On oil, there is an ongoing speculation phenomenon on the European embargo on the one hand, and on the recovery in China on the other. Today, the country is at a standstill, but as soon as Covid normalizes, demand should pick up very suddenly. China has set aside a lot of tax revenue so that once the epidemic is under control, it will be able to spend massively. Its needs will be massive.
The United States has also put large strategic reserves on the market and is now announcing that it will buy back some of them. Finally, oil supply remains very controlled, and OPEC is making little effort to produce more. Overall, supply is limited and very strong potential demand can start up again at any time.
How do you assess the situation regarding food items?
Here again, there are multiple factors. Climatic conditions are very unfavorable: the United States last year, China this winter, the Maghreb at the beginning of the year, and Europe in the spring, have experienced episodes of intense drought. Harvest quality and density are at their lowest.
Some countries are particularly to be watched. Turkey, which is facing a wheat import problem and an oil problem, intensified by a violent fall in its national currency, is likely to suffer a double whammy. Egypt, which is already in a complex economic situation, is facing food shortages.
Secondly, soaring food prices in some countries are expected to exacerbate social tensions in Sri Lanka and Peru, among others. It should be kept in mind that the current price increase is greater than the one that took place before the Arab Spring in 2011.
The situation is not expected to be resolved quickly, as prices are expected to continue to rise, as some producers have not yet passed on the cost increases.
Is there a risk of stagflation?
From the point of view of real growth, we have a very marked slowdown at the global level compared to last year. In 2021, global growth was close to 6%, but this year it should be around 2.9%, i.e. halved. We are indeed approaching zero or negative real growth, let's say on a quarterly sequential basis.
Some countries will certainly fear a recession. The United States had a negative first quarter and the second quarter will be very close to zero. In China and Europe, a sharp contraction is expected in the second quarter. But the situation differs in these regions: while the US is likely to be close to or even past peak inflation, Europe will have to wait to reach that peak. The inflation outlook remains high and may still surprise slightly on the upside, while the real growth outlook will continue to be revised downwards.
Which sectors will remain under pressure?

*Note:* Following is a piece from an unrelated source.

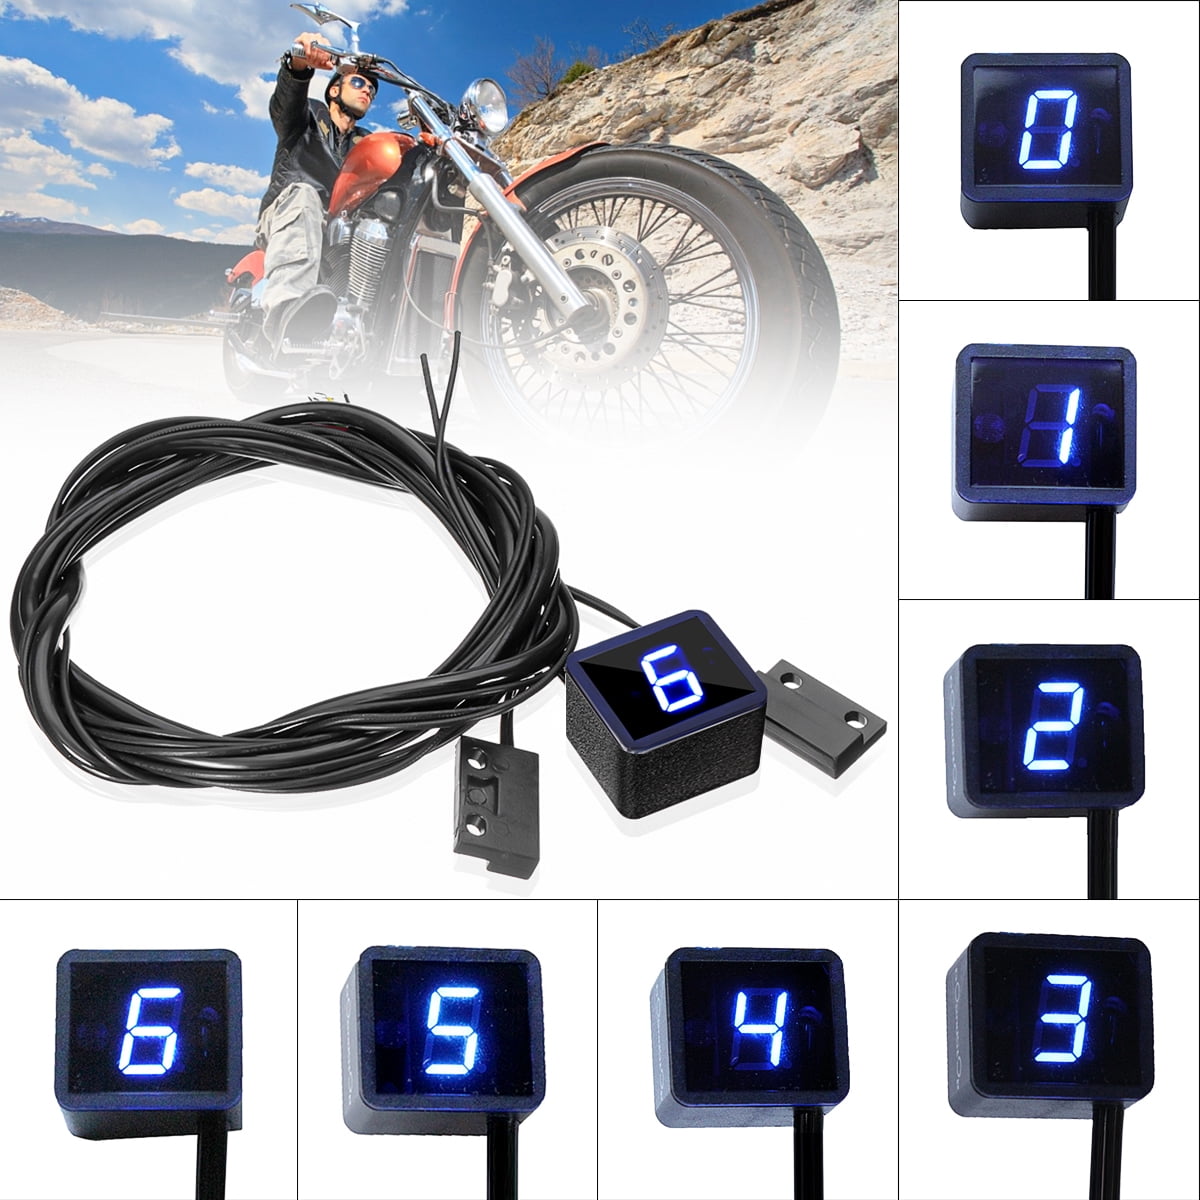 Motorcycle Gear Indicator Gear Indicator Display 6 Shift Lever Motorbikes for Shift Lever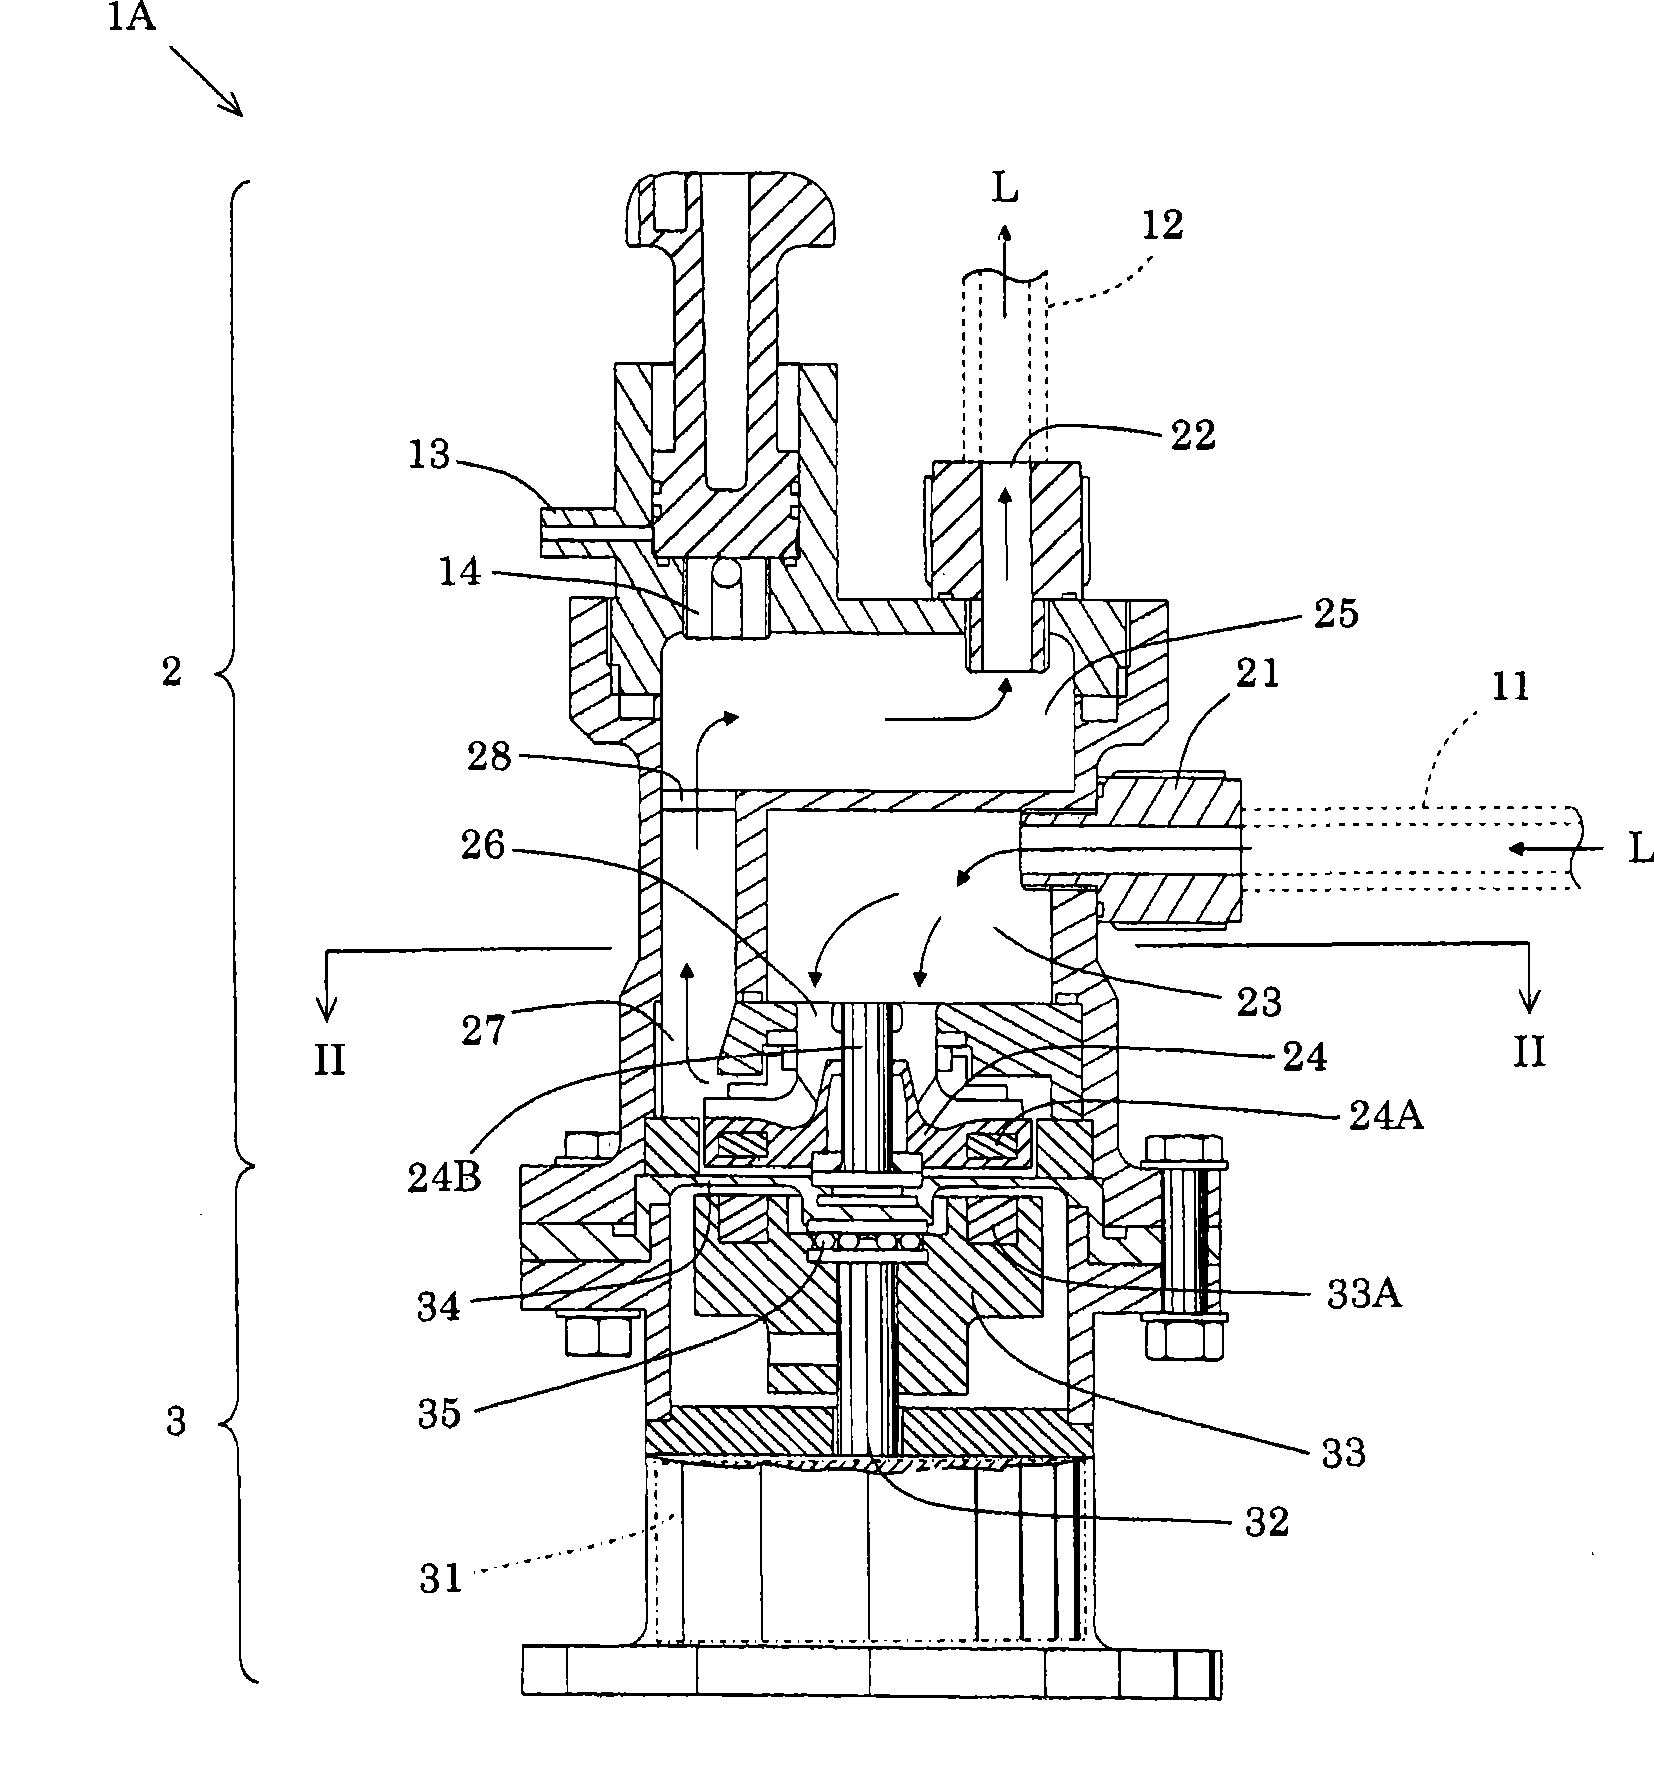 Vertical self-priming pump and vertical self-priming pump with filtration device

In construction, the impact of oil and gas is particularly noticeable, but other factors are also at play. Delivery difficulties are being felt in all regions of the world, deadlines are being extended, and some players prefer to postpone projects, which accentuates delays. Apart from big projects, it is still difficult to source materials and small elements (such as furniture, radiators, etc).
When China loosens its grip, it will want to make up for lost growth. 2022 is a crucial year for the regime with the re-election of President Xi Jinping. The country will therefore spend massively on infrastructure, and thus drive up all prices, be it cement, copper, steel, iron ore, etc. As a result, inflation is expected to remain strong in the third quarter.
Christophe Barraud joined Market Securities in 2011 and currently serves as chief economist and strategist in Paris. He has been ranked by Bloomberg as the best forecaster on U.S. statistics since 2012, best forecaster on Eurozone statistics (2015-2019) and best forecaster on Chinese statistics since 2017. MarketWatch also named him the top forecaster on US statistics in 2020. His research is aimed at a wide range of institutional investors worldwide (banks, insurance companies, management companies, hedge funds, pension funds, etc.), but also at public bodies (governments, central banks, etc.).